[Extracted entries]:
=====

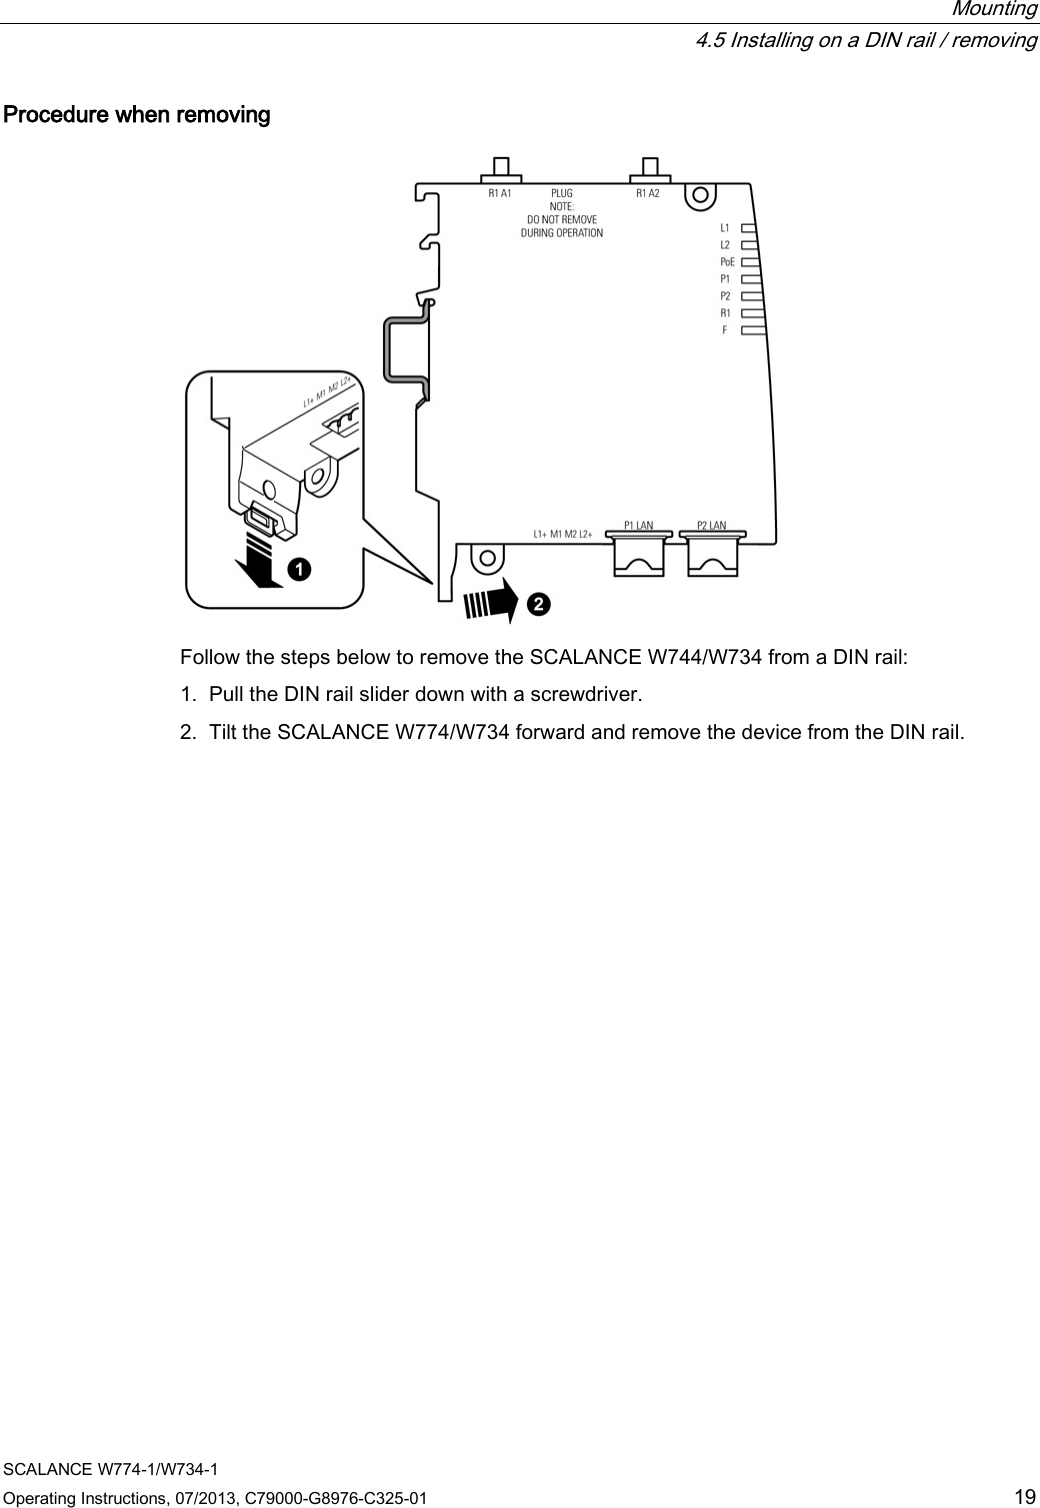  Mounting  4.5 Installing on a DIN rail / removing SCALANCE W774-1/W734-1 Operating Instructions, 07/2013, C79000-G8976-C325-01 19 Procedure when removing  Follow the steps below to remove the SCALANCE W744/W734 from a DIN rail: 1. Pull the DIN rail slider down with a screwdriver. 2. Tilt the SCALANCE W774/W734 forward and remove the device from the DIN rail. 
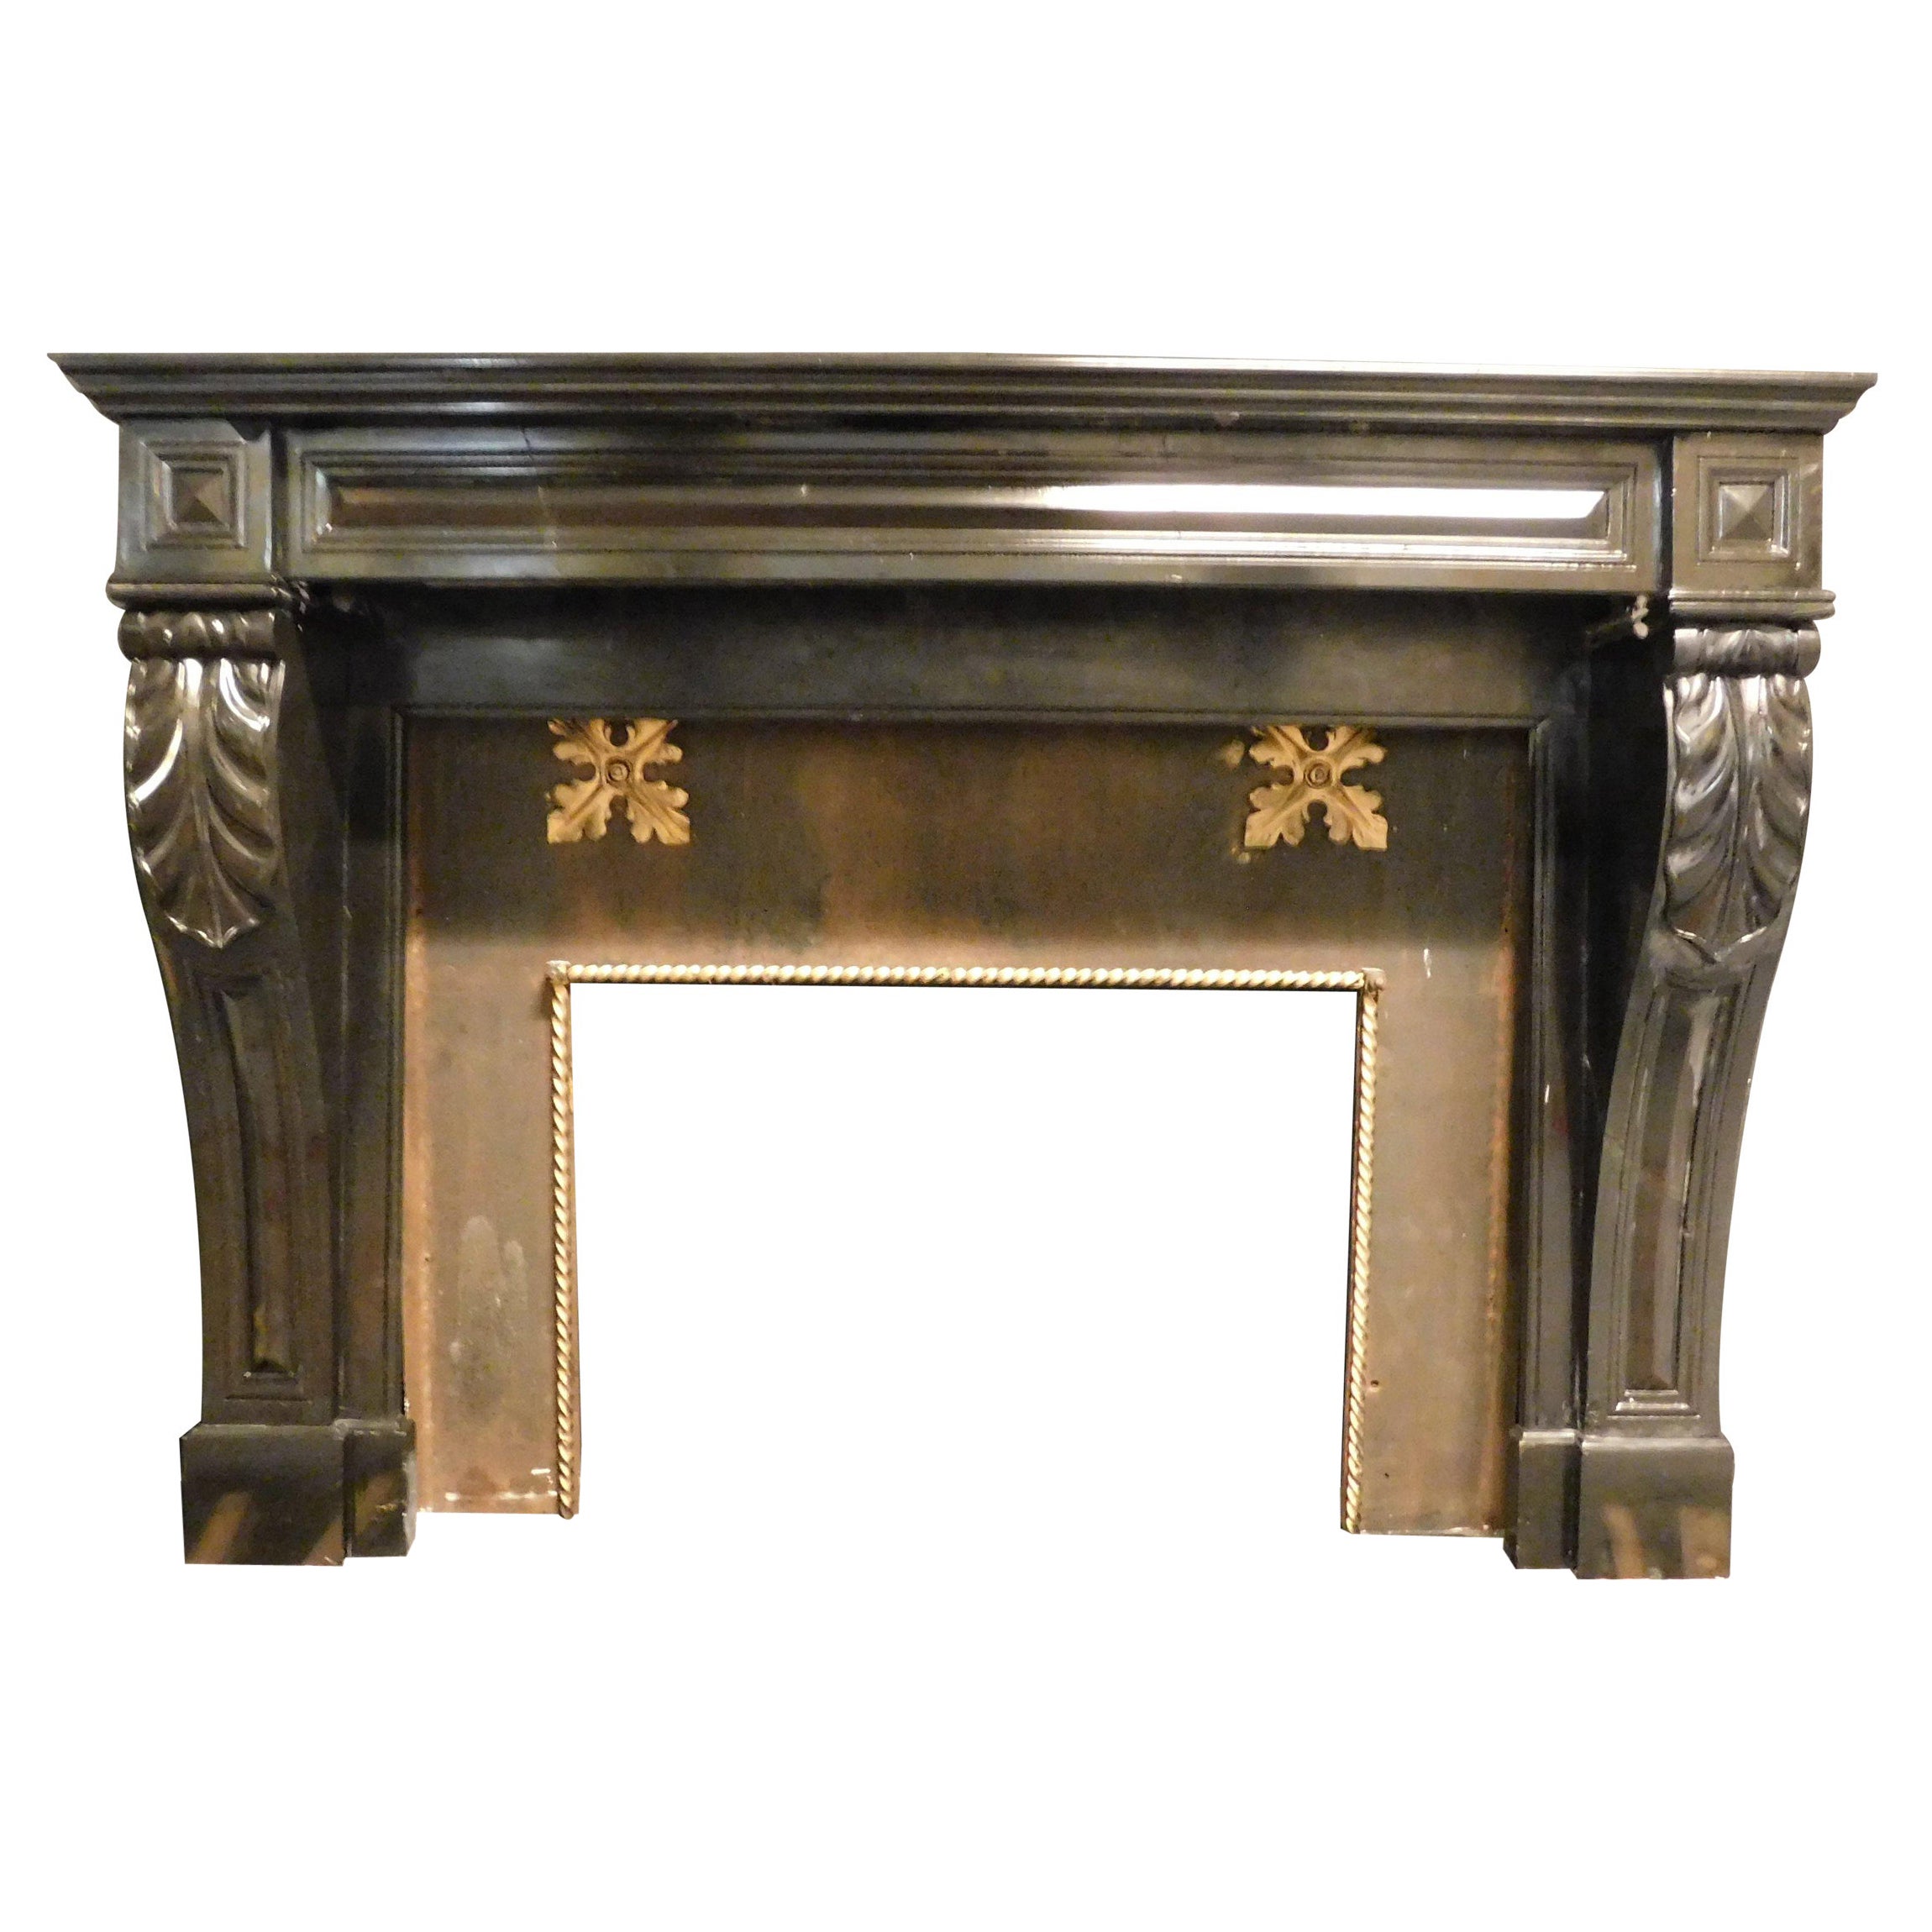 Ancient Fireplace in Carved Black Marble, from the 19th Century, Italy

=====

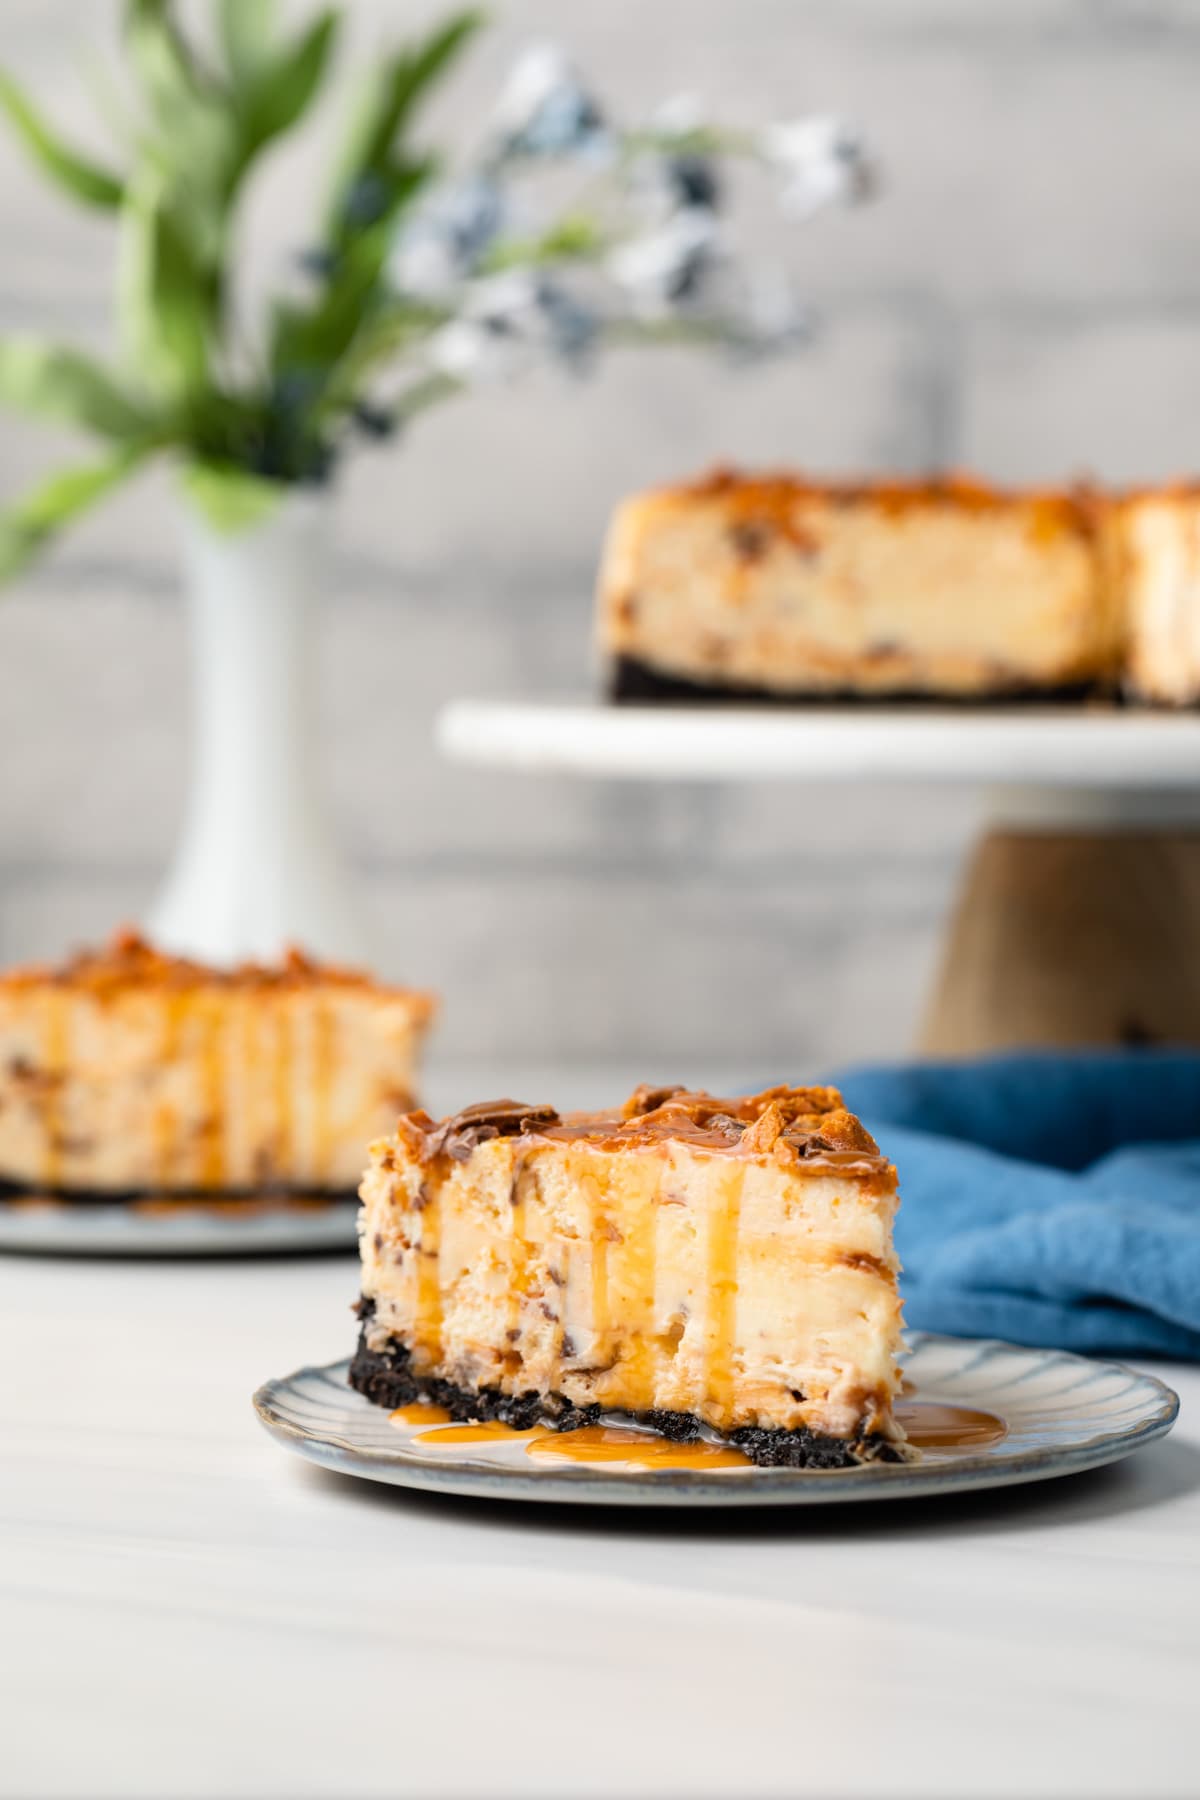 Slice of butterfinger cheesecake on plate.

=====

[What the task requires]:
Working from the records above, set down word for word everything from the line containing "the DIN rail." down to the line containing "Ancient Fireplace in", ends included, minus the pictures.

[Response]:
  Mounting  4.5 Installing on a DIN rail / removing SCALANCE W774-1/W734-1 Operating Instructions, 07/2013, C79000-G8976-C325-01 19 Procedure when removing  Follow the steps below to remove the SCALANCE W744/W734 from a DIN rail: 1. Pull the DIN rail slider down with a screwdriver. 2. Tilt the SCALANCE W774/W734 forward and remove the device from the DIN rail. 
 Ancient Fireplace in Carved Black Marble, from the 19th Century, Italy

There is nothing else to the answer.